All of the answers so far talk about the harmonic content/timbre, but there is another very important concept that you have to keep in mind. The concept is touched on, but not explicitly. So I wanted to expand on that.

The 'Envelope' is vastly different between the two instruments

Envelope refers to the dynamics (amplitude) at specific times. Components of the envelope include (but are not limited to):

Attack - the time for initial increase from nil to the designated (or preset) level, beginning when the key is first pressed.

Decay - the time it takes for the attack level to drop to the sustain level.

Sustain - the level that the sound will remain at for as long as the note is held (key held down or continued blowing).

Release - the time that it takes for the level to drop to zero after releasing the note.

This is the standard ADSR model, but you can also use loops and whatnot, but that's more relevant to the digital realm than modeling.

So anyway, regarding your specific instruments:

Flute - This is a woodwind, which means that there is slightly slower (than piano) Attack as you build your breathing to full strength. There is usually a peak level right there, then Decay is fairly quick. The Sustain goes at a constant level for as long as you want (depending on skill and lung capacity). Then there is a very quick release once you stop blowing.

Piano - This is a percussive stringed instrument. There is a hammer that swings and strikes a string. So the Attack is almost immediate, and then you deal with decay and release only. If you hold the key, then you will get a longer decay which will eventually go to zero. If you let go of the key, you get a fairly quick release.

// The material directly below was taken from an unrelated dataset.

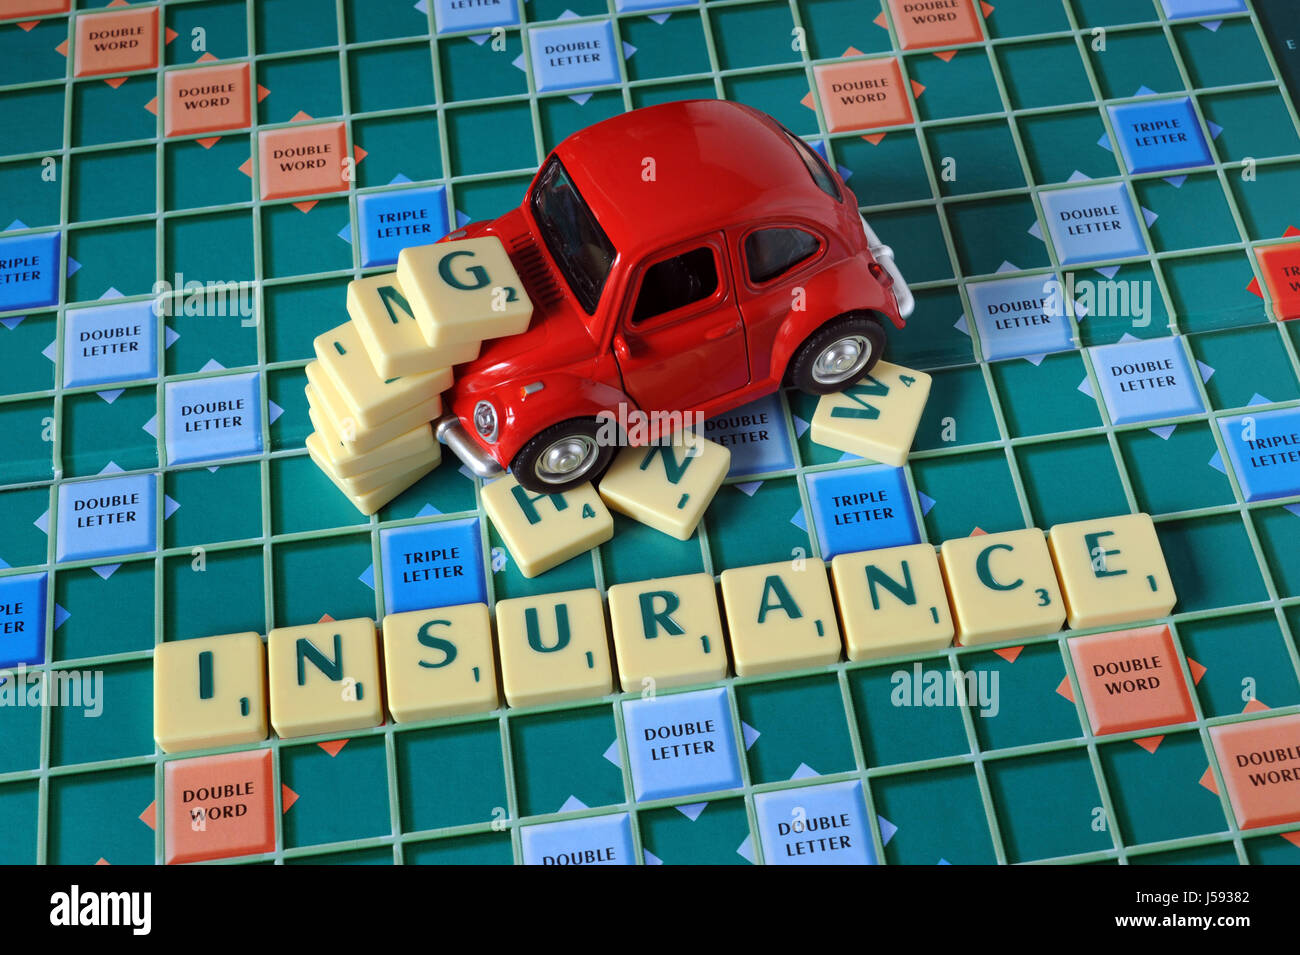 MODEL CAR ON WORD TILE SCRABBLE BOARD SPELLING 'INSURANCE' RE CAR INSURANCE ACCIDENT CLAIMS WHIPLASH MOTOR CRASH BUMP PREMIUMS COSTS COST PRICES UK Stock Photo

Using Massive or Reaktor, I like to play around by making a sound, and only changing the ADSR settings. Using the same oscillators and filters, you can greatly change the sound. You could make a square wave (which would be similar to a flute) but if you don't have the right Envelope, you'll never get it to sound right.

  • 1
    Technically, timbre includes the envelopes, transients, and noises. The spectrum does not include those other elements, only the amplitudes of the different harmonics. An I mportant element of instrument recognition not discussed here is the noise content. Specifically, flute features distinctive breath and wind noise, while piano has a whole constellation of noises, including hammer noises, upper and lower key noises, and possibly pedal noises and other odds and ends. Commented Oct 18, 2017 at 4:19
  • You're absolutely right, forgot about that. I still think a breakdown of the envelope may help the OP understand though. As for noise, on of the more fun projects in school was creating completely digital sounds, then recording the instrument noises and layering them in to make our own samples. It really made me appreciate the work that had to be put into (for example) Kontakt.
    – user22688
    Commented Oct 19, 2017 at 19:35

A way to understand timbre and differences between instruments is to interpret harmonics by casting an eye on their spectrograms: flute and piano spectrogram The flute has some tremolo visible on the high-end sustained harmonics that look consistent throughout the sample.

Piano, on the other hand, has gradient like harmonics fading towards the higher ones. Also the wavefile has a shorter release time than the flute one.